EXERCISE: All of the data, word for word and free of pictures, is the expected result.

DATASET SECTION:
= Beginning of Section =
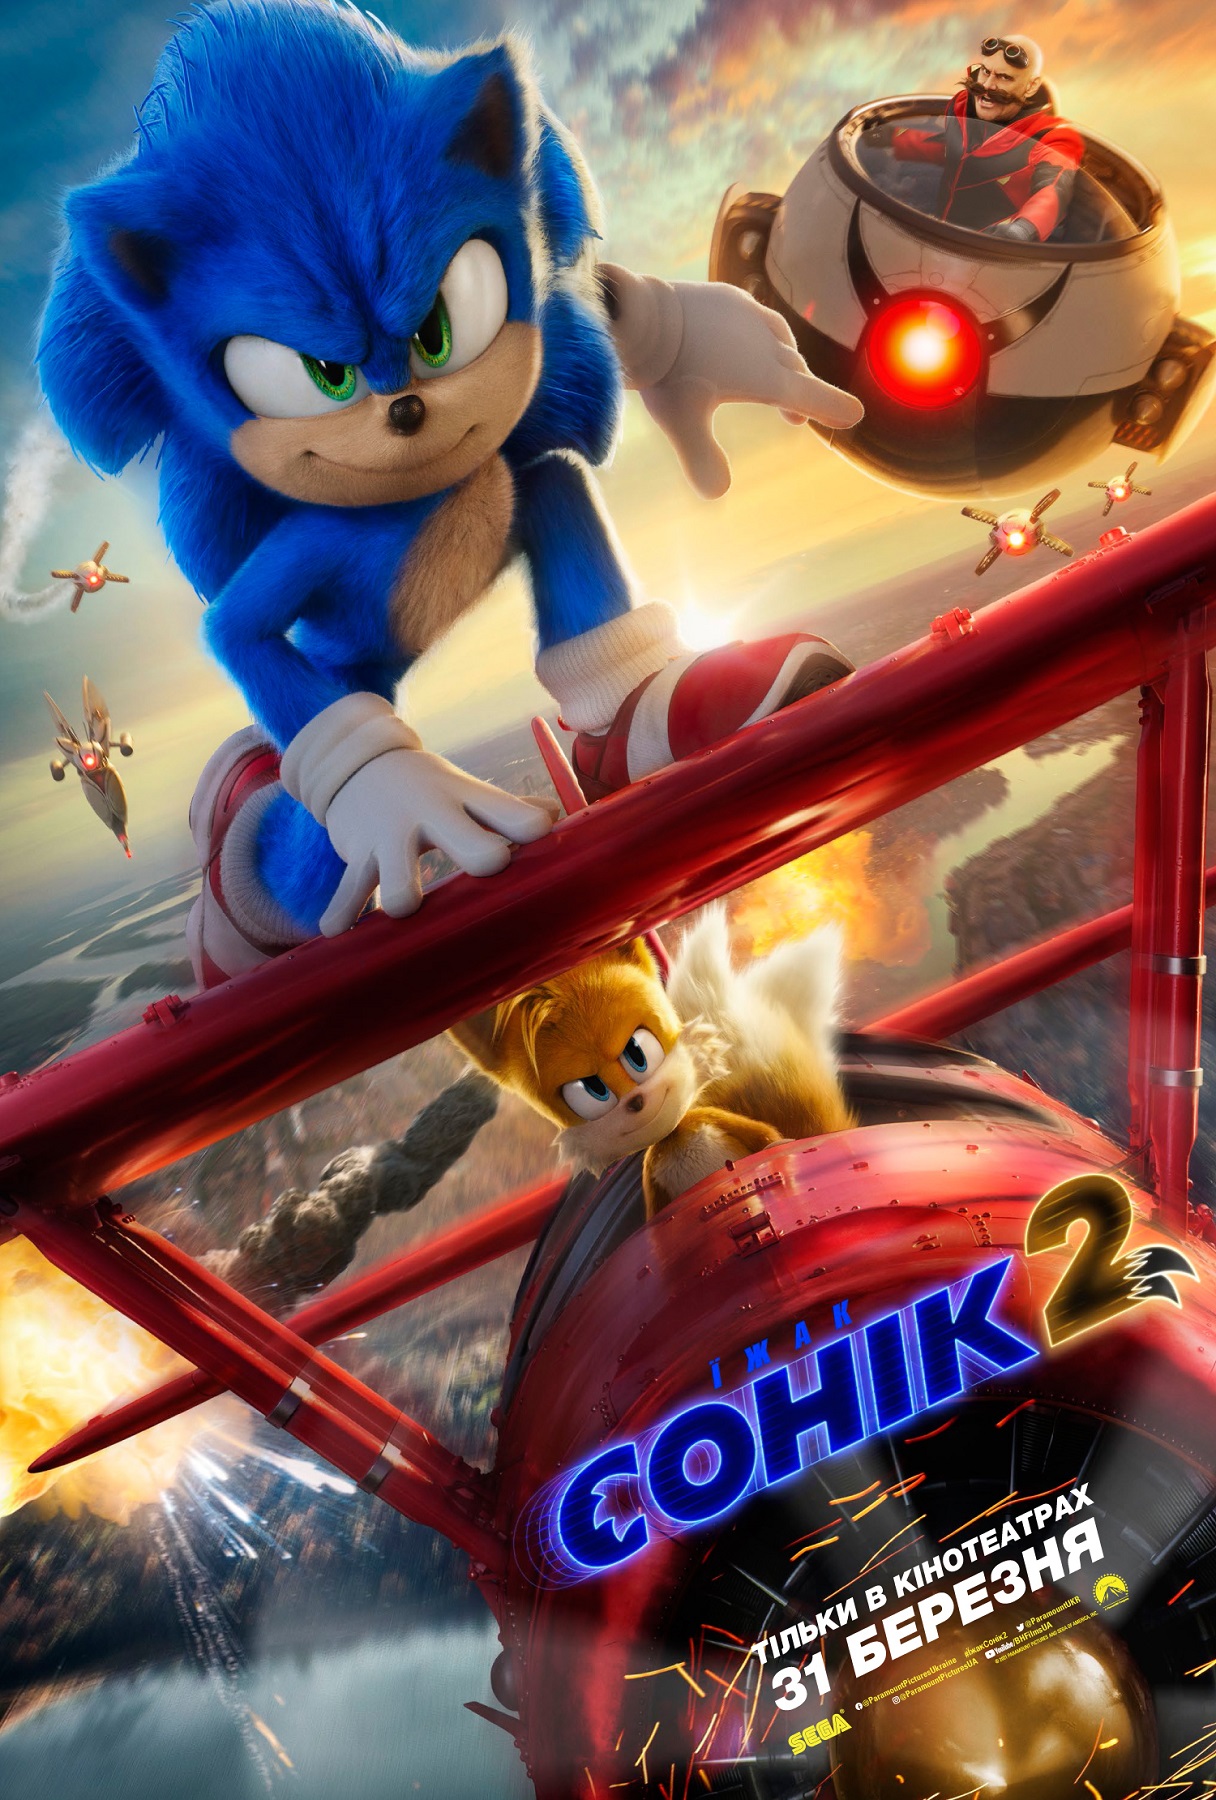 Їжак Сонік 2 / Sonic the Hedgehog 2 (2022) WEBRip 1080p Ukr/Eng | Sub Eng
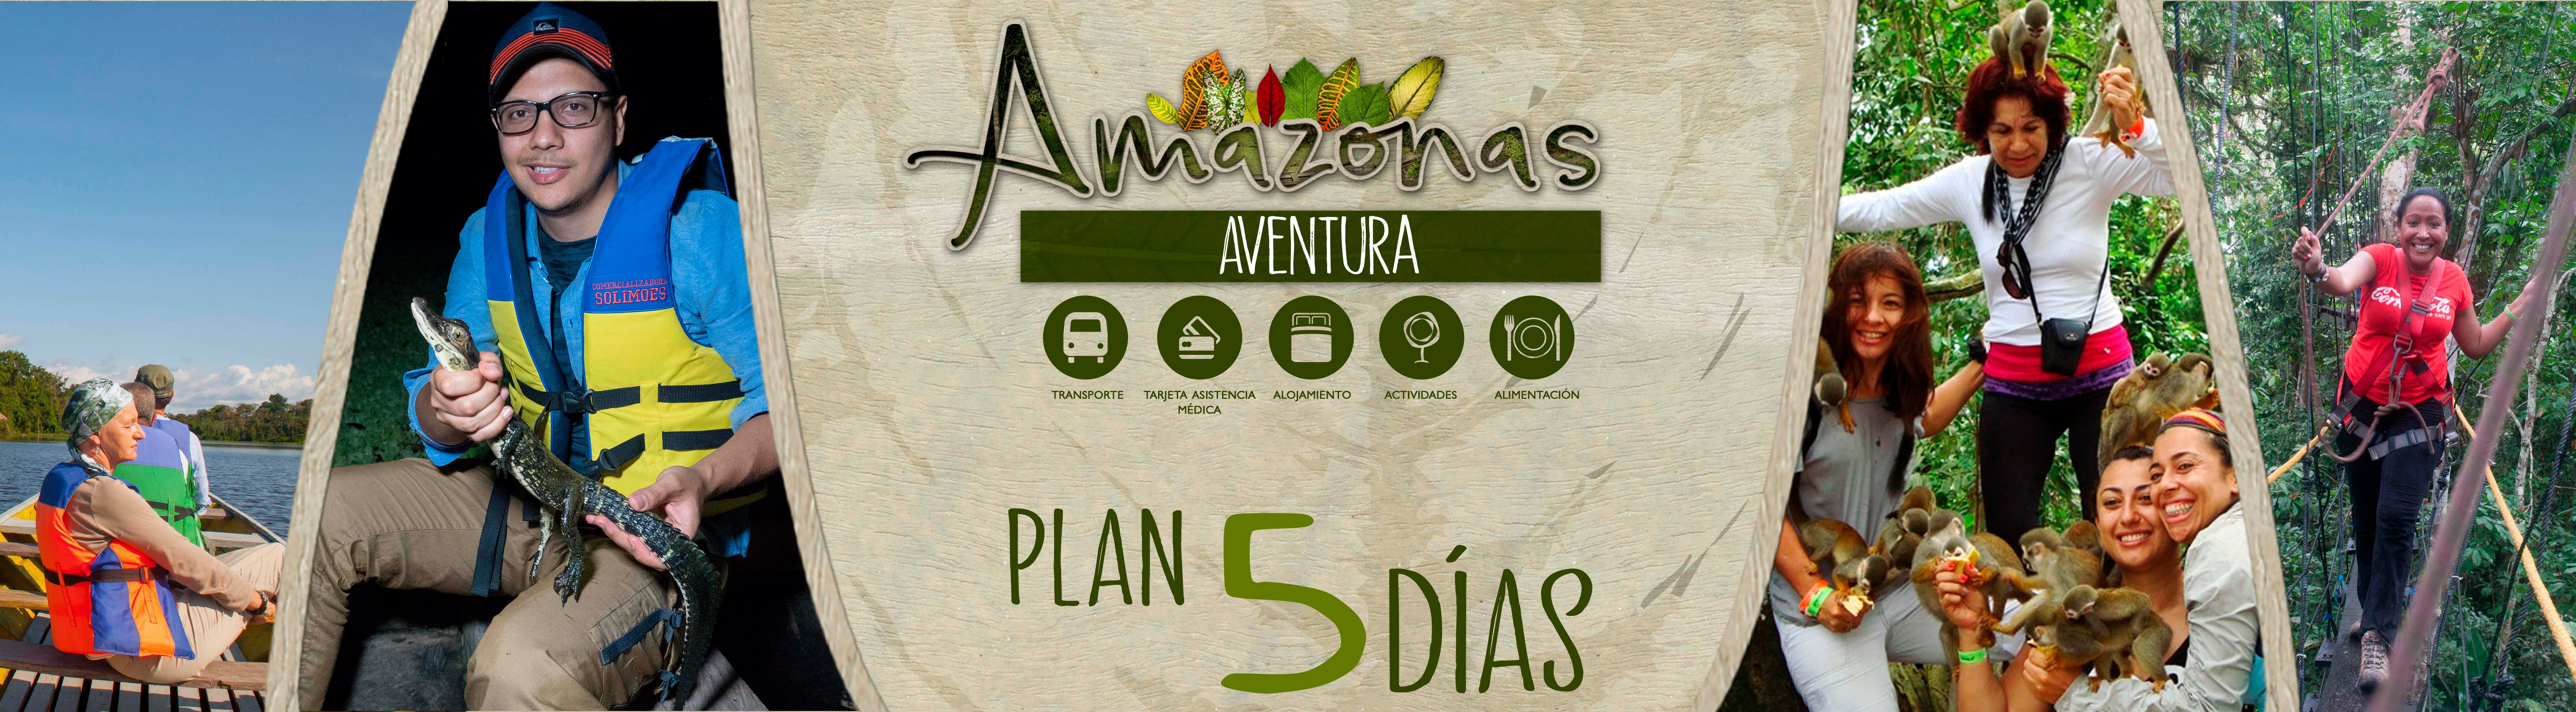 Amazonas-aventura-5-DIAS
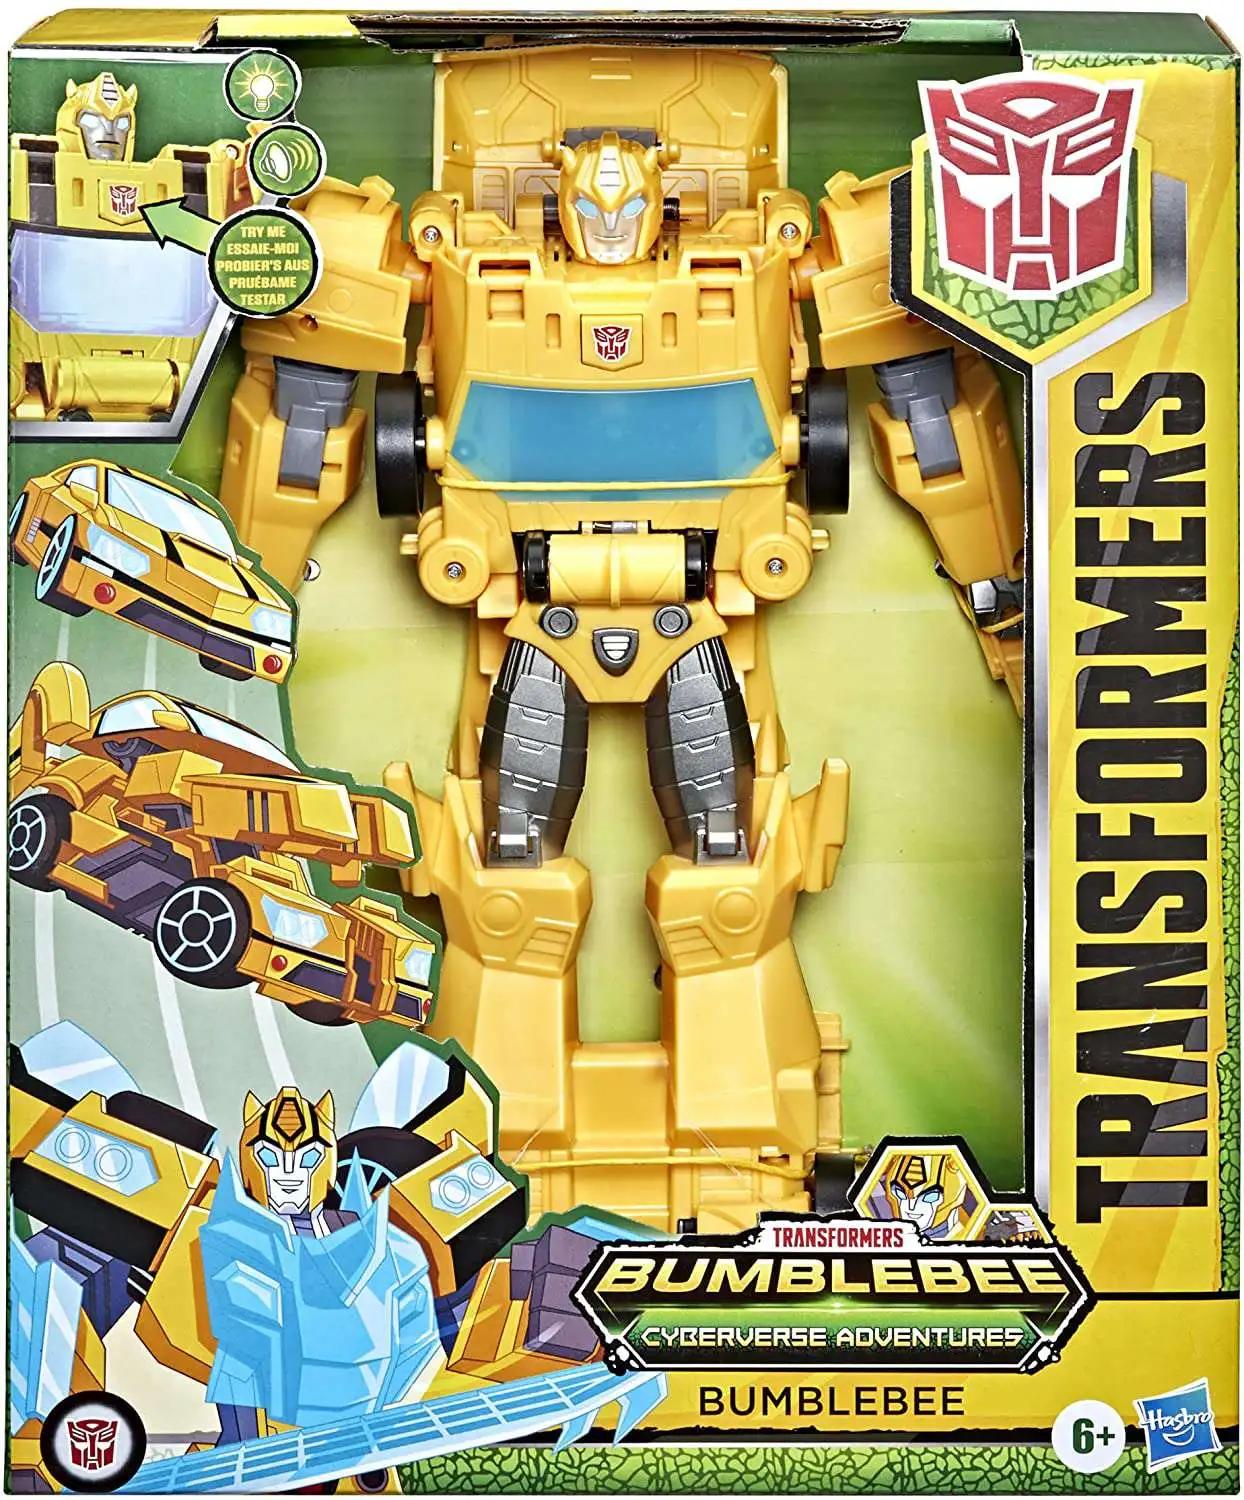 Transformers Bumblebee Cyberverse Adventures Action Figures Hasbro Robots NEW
= End of Section =
COMPLETED TASK:
 Їжак Сонік 2 / Sonic the Hedgehog 2 (2022) WEBRip 1080p Ukr/Eng | Sub Eng
 Amazonas-aventura-5-DIAS
 Transformers Bumblebee Cyberverse Adventures Action Figures Hasbro Robots NEW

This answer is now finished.